Someone delivered the news and we stood up without questions or any sound at all that was of our choosing. There were no shoes, either, just the dirty linoleum steps and then the pavement, still hot but soaked with the evening. We had become one thing, and we did not need to look at each other to know how we were supposed to move.
We turned towards the light by the side of the bench, where she was crouched making some noise that we didn’t know but that we had to attend to, had to pick up and carry for her because that was who we had become in the dark. When we made a semicircle around her our shadows bit into the light and she looked up, gulping and dirty with crying. The counselor was waiting for us, not quite touching the bench because it was hers and tonight nothing that was hers was to be touched by anyone else. The counselor saw what had happened to us, that we were ready, and she whispered something about the hospital, the parking lot. She was gold under the light like that was the color of the shadow of the grief circling her, trying to find a place to land.
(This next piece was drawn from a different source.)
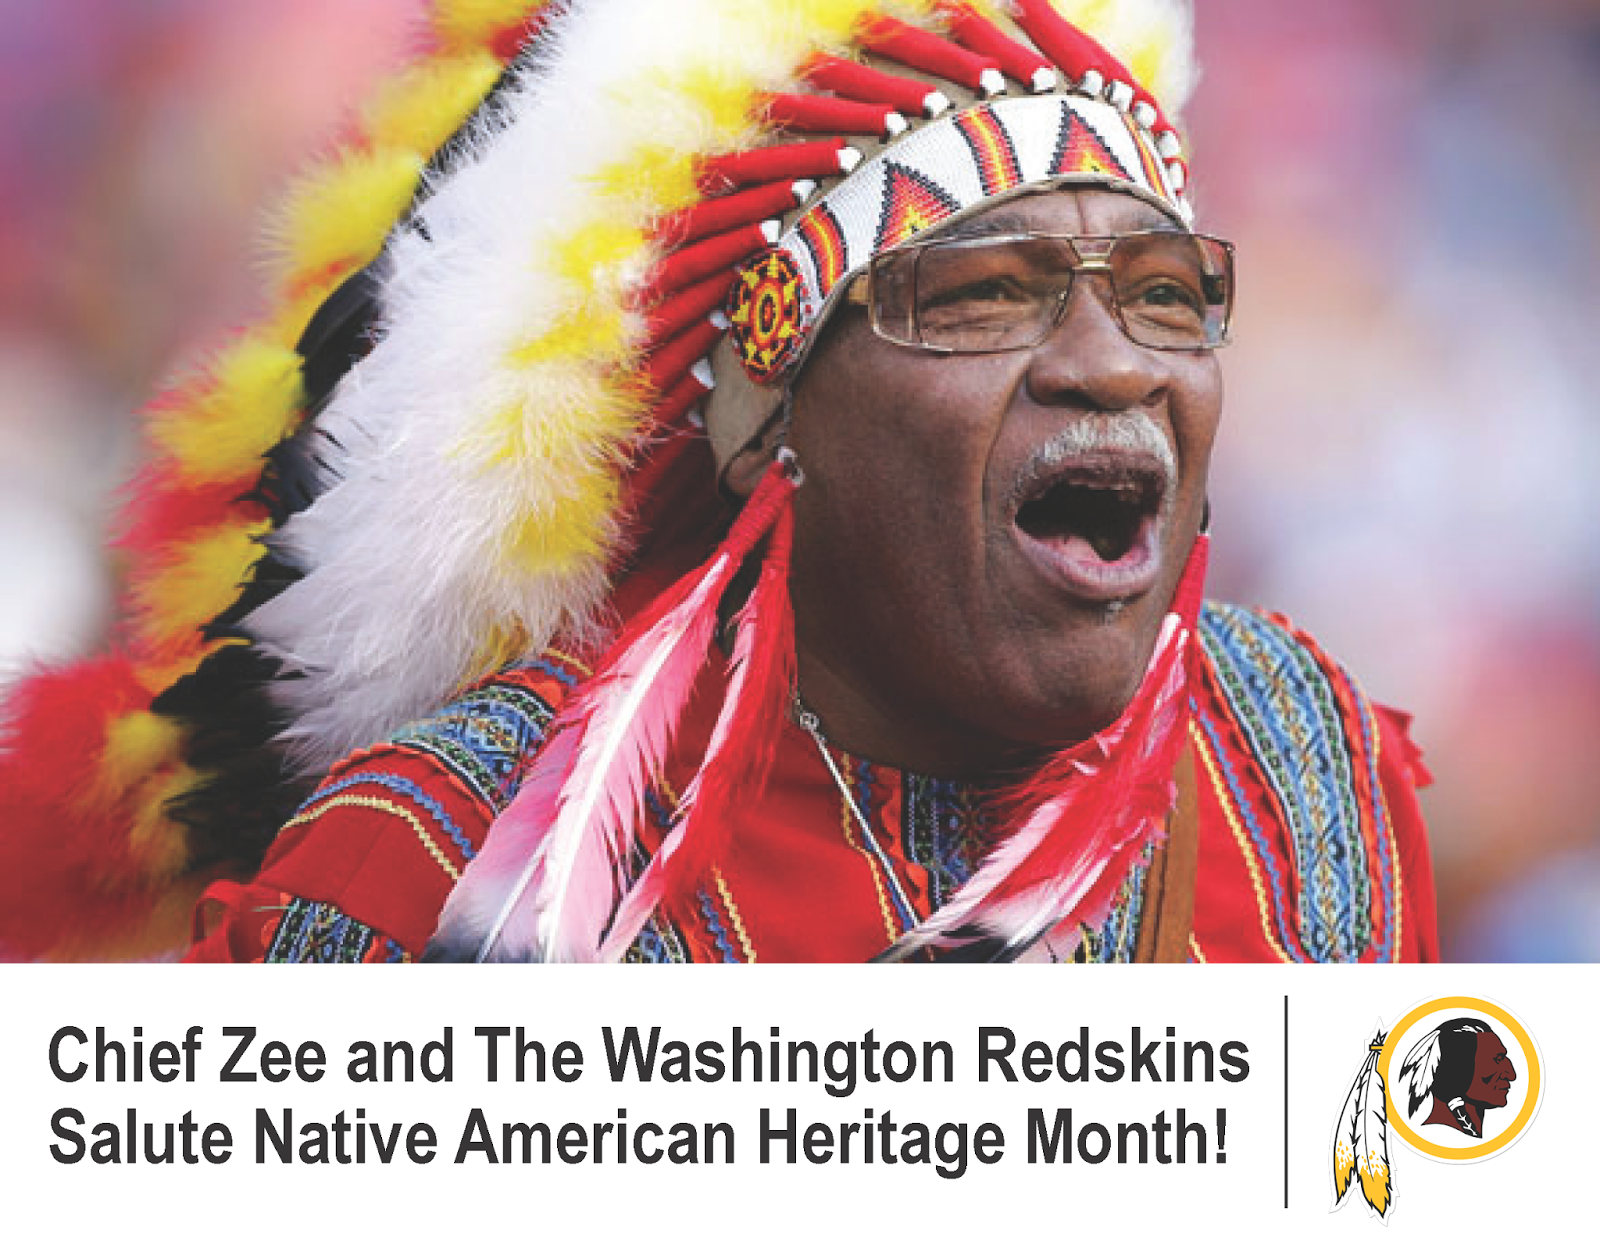 Indians: MultiCultClassics: 12262: Redskins Salute Indians

The counselor asked if she was ready to go, and she hobbled up. As we walked she tried to fix it, walk like there wasn’t some horrible secret that she couldn’t destroy even if she looked like a hero on the way to the car. There was only so far she could push her shoulders out and even as they became metal in the streetlight the thing still flew, waiting to see if it could nest inside of her. She were laced with a grandness that was now hers even if it had been forced upon her by the thing she didn’t know, by us around her. We were only ceremonial, and there was nothing for us to do but to protect her crouching under her new skin of armor.
When we got to the end of the path she drifted to the curb. She were not quite in the parking lot but she was thinking about it, away from us and not exalted. There wasn’t time for her to become someone whose job is to hold their uncertainty, the fear that’s ready to snap into grief if touched, regally around them like a cape or a name we would whisper afterward. But there was something there in the street behind the lot, a tiny beacon, and it wasn’t for any of us standing. We were there to wait and not shock the waiting alive. But as we stood, all of us, I thought that I saw it breaking, that maybe it would happen anyway. And then I opened my mouth and shivered, because there I was and I had no other eyes.
The step forward happened like a trip over a curb, or a fence, and then she turned and I had nothing to do but wait as she stood still. I had come from nowhere and I had taken my helmet off, and I was not supposed to touch her. We spent a moment either deciding or being afraid, but then she fell into me and collapsed as the fear came out, both of ours, wet and sobbing, into our shoulders.